Was Argentinien jetzt benötigt ist keinen Wirtschaftsplan, sondern eine konkrete Wirtschaftspolitik, mit klaren Zielen und Maßnahmen, die dazu bestimmt sind, sie zu erreichen. Über die Ziele besteht weitgehend Einigkeit. Alle wollen Wachstum und eine sinkende Inflationsrate, so dass kurzfristig eine einstellige Jahresinflation erreicht wird. Doch merkwürdigerweise wird Vollbeschäftigung als Ziel kaum erwähnt, obwohl es eigentlich an erster Stelle stehen sollte. Und beim Ziel der besseren Einkommensverteilung, das Präsident Fernández sehr am Herzen liegt, besteht eine große Konfusion. Denn die Vorstellung, dass den Reichen Einkommen genommen wird, um es unter den Armen zu verteilen, ist reichlich primitiv. Um das Einkommen der Armen zu verbessern müssen die Unternehmen mehr produzieren und investieren, und das geht nur, wenn sie dabei Geld verdienen. Bei der Hilfe der Armen geht es eigentlich um Programme für mehr Beschäftigung, für ausreichende Ernährung, für Ausbildung, für Zugang zu einer angemessenen Wohnung, um gute Gesundheitsbetreuung, um gute öffentliche Erziehung und nicht zuletzt, um Möglichkeiten, in den produktiven Kreislauf der Wirtschaft voll einzutreten. Die Sozialpolitik erfordert viel Kleinarbeit und soll auf alle Fälle nicht politisiert werden. Und beiläufig erfordert sie auch, dass der Staat überall spart, um Mittel für die Sozialpolitik freizusetzen.
Der Staat muss zunächst jetzt einen allgemeinen Unternehmenszusammenbruch verhindern. In diesem Sinn wird jetzt an einer Änderung des Konkursgesetzes gearbeitet, was sehr positiv ist. Aber das Problem erfordert noch viel mehr, wie wir es an dieser Stelle in Einzelheiten dargestellt haben.

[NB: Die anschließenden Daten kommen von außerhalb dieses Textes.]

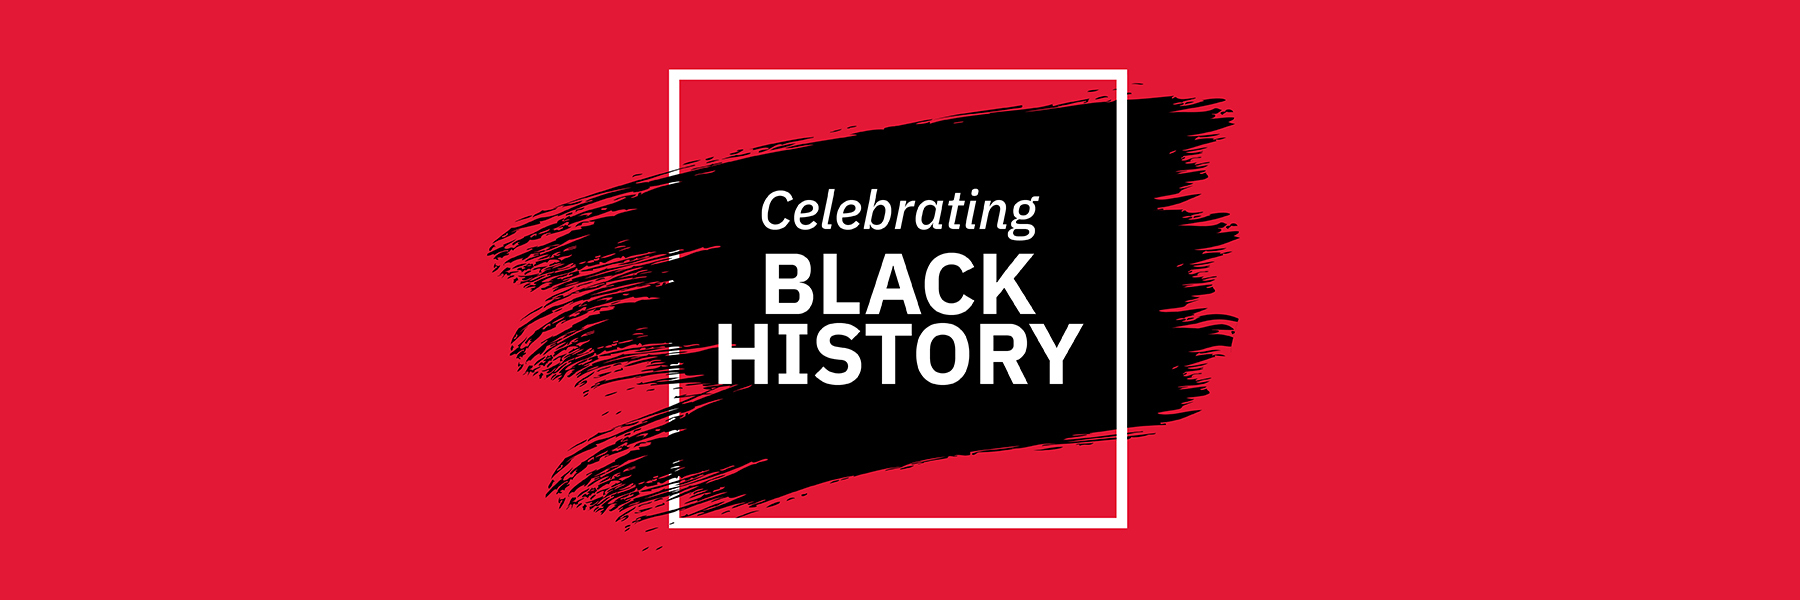 Black History Month at York University

Schließlich erfordert die Wirtschaftspolitik eine klare Antwort auf das monetäre Problem, das in letzter Zeit aufgekommen ist. Das Staatsdefizit ist explosiv gestiegen und wird mit Geldschöpfung finanziert, und diese ist so groß und dauert weiter an, dass ein Ende mit Hyperinflation und Zusammenbruch der Wirtschaft in Aussicht steht. Um dies zu vermeiden, muss schon jetzt dafür gesorgt werden, dass das Defizit stark abnimmt und die Geldschöpfung stark zurückgeht. Alberto Fernández löst immer noch alle Probleme mit mehr Staatsausgaben. Doch das geht nicht mehr, weil der Staat pleite ist und die Geldschöpfung an eine gefährliche Grenze geraten ist. Hier muss der Begriff der Wirtschaftspolitik groß geschrieben werden.

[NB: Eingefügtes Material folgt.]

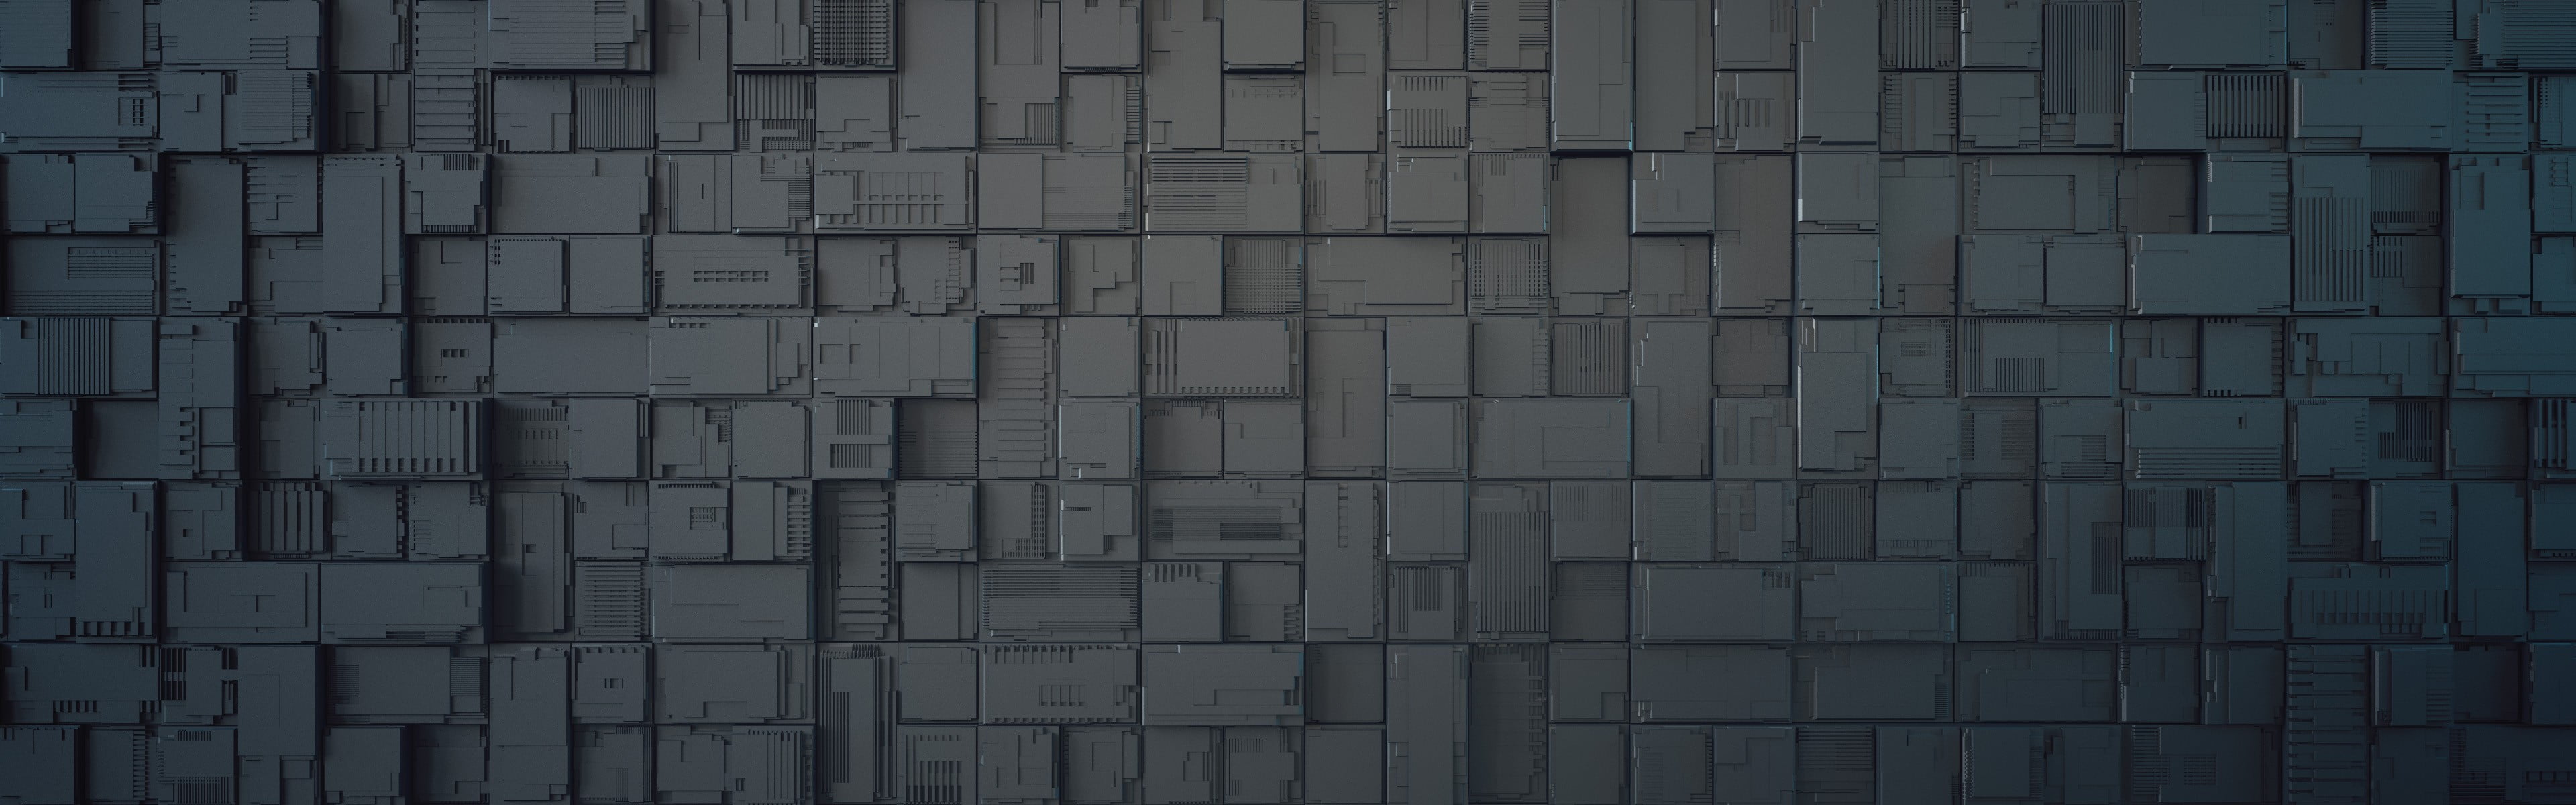 gray brick wall, texture, digital art, pattern, artwork, abstract
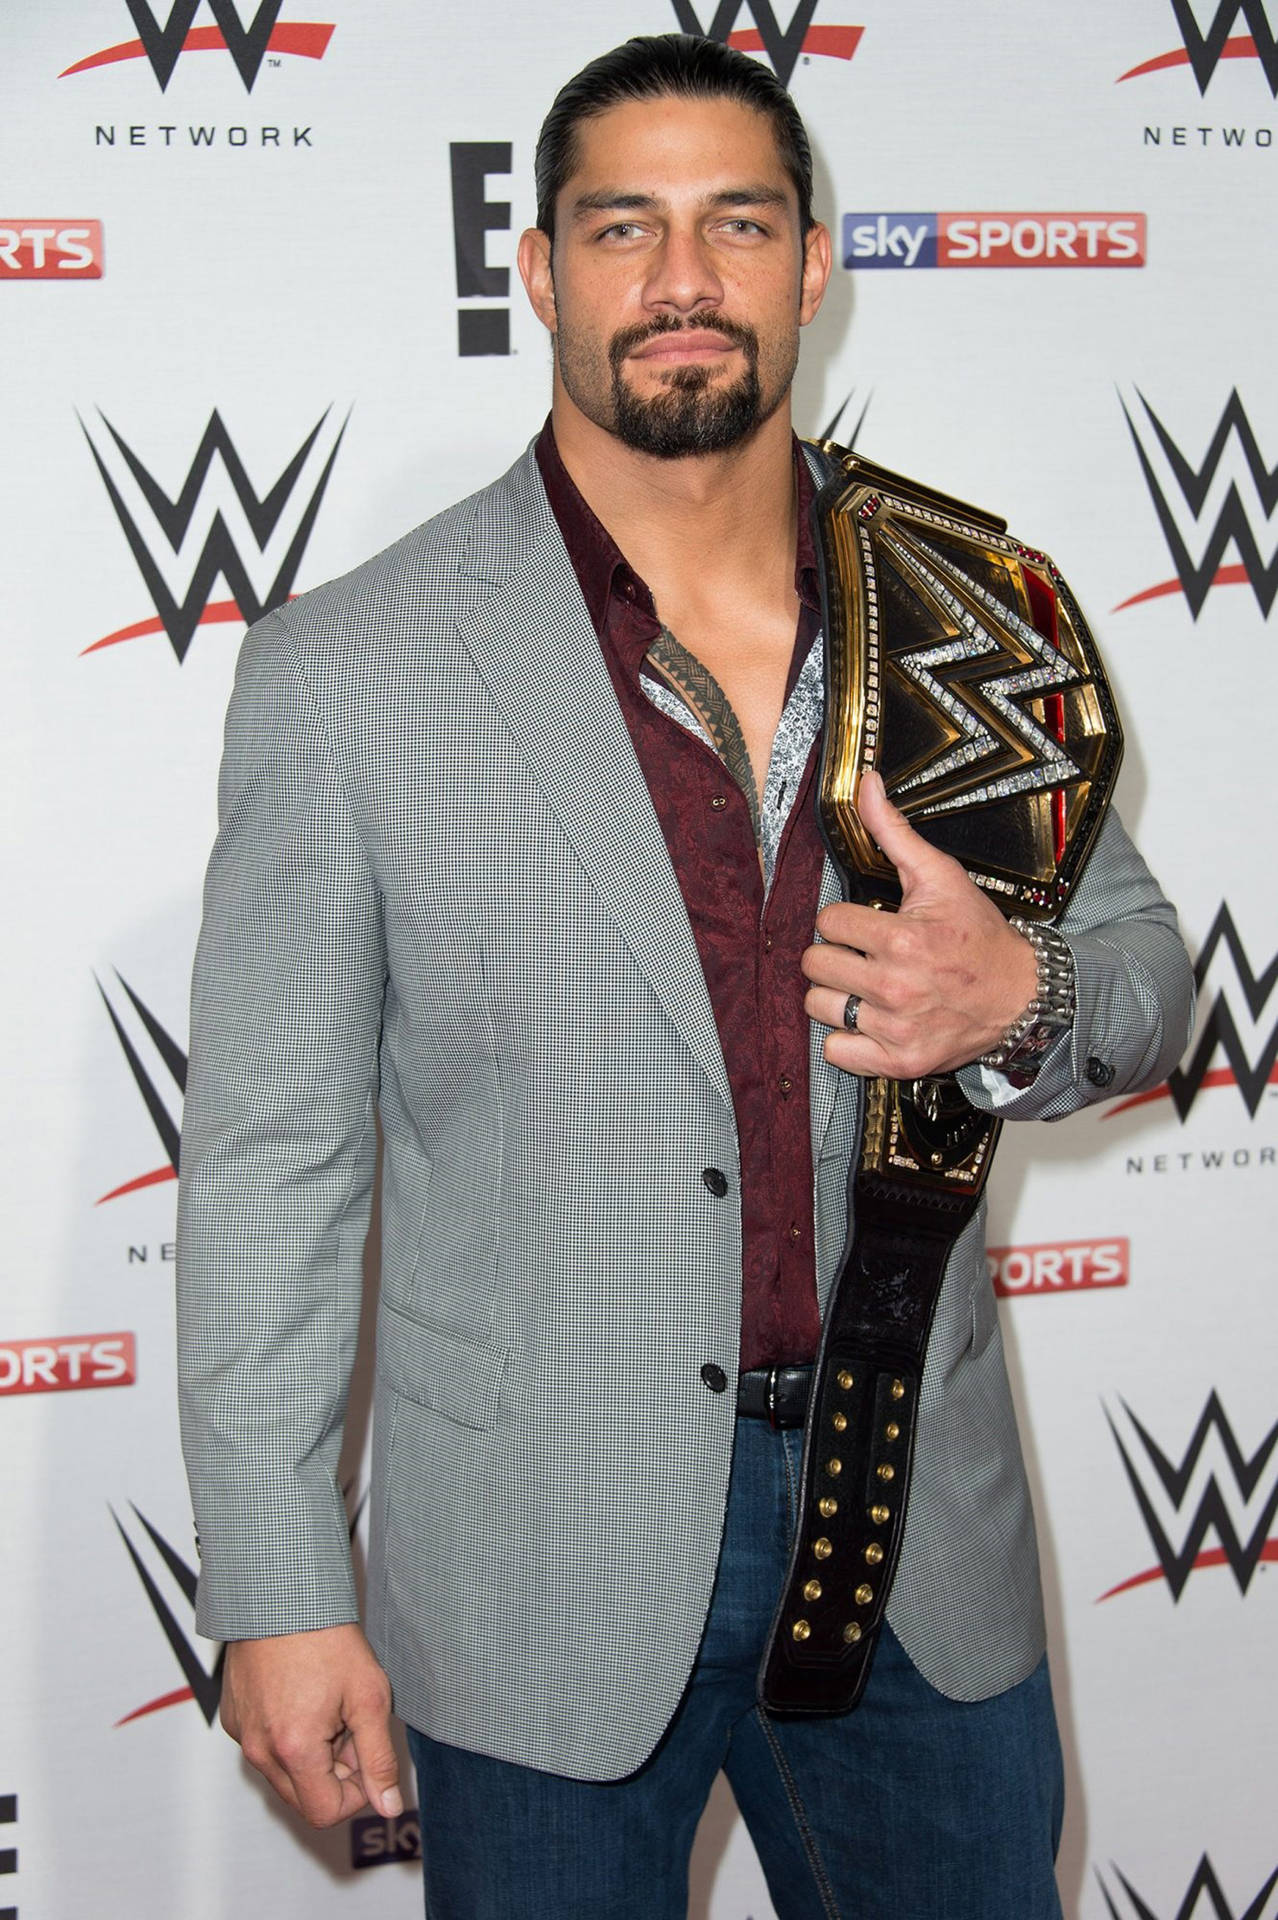 Wwe Superstar Roman Reigns On Raw Red Carpet

Es ist positiv, dass sich der Präsident und seine Minister mit Unternehmern treffen, und diese auch das Gespräch mit Gewerkschaftern aufgenommen haben. Die Tatsache, dass die meisten Gewerkschafter den Ernst der Lage begriffen haben, bietet eine einzigartige Gelegenheit für ein Gespräch über Themen, die weit über die alljährliche Lohndiskussion hinausgehen. Die Regierung muss jetzt nur aufpassen, dass Hugo Moyano u.a., die ihm folgen, ein zivilisiertes Gespräch nicht mit Forderungen stören, die in diesen schwierigen Zeiten wie eine Bombe wirken. Die Lage erfordert Mäßigung und Vernunft, und die Krise sollte genutzt werden, um dies zu erreichen. Auch hier muss Wirtschaftspolitik groß geschrieben werden.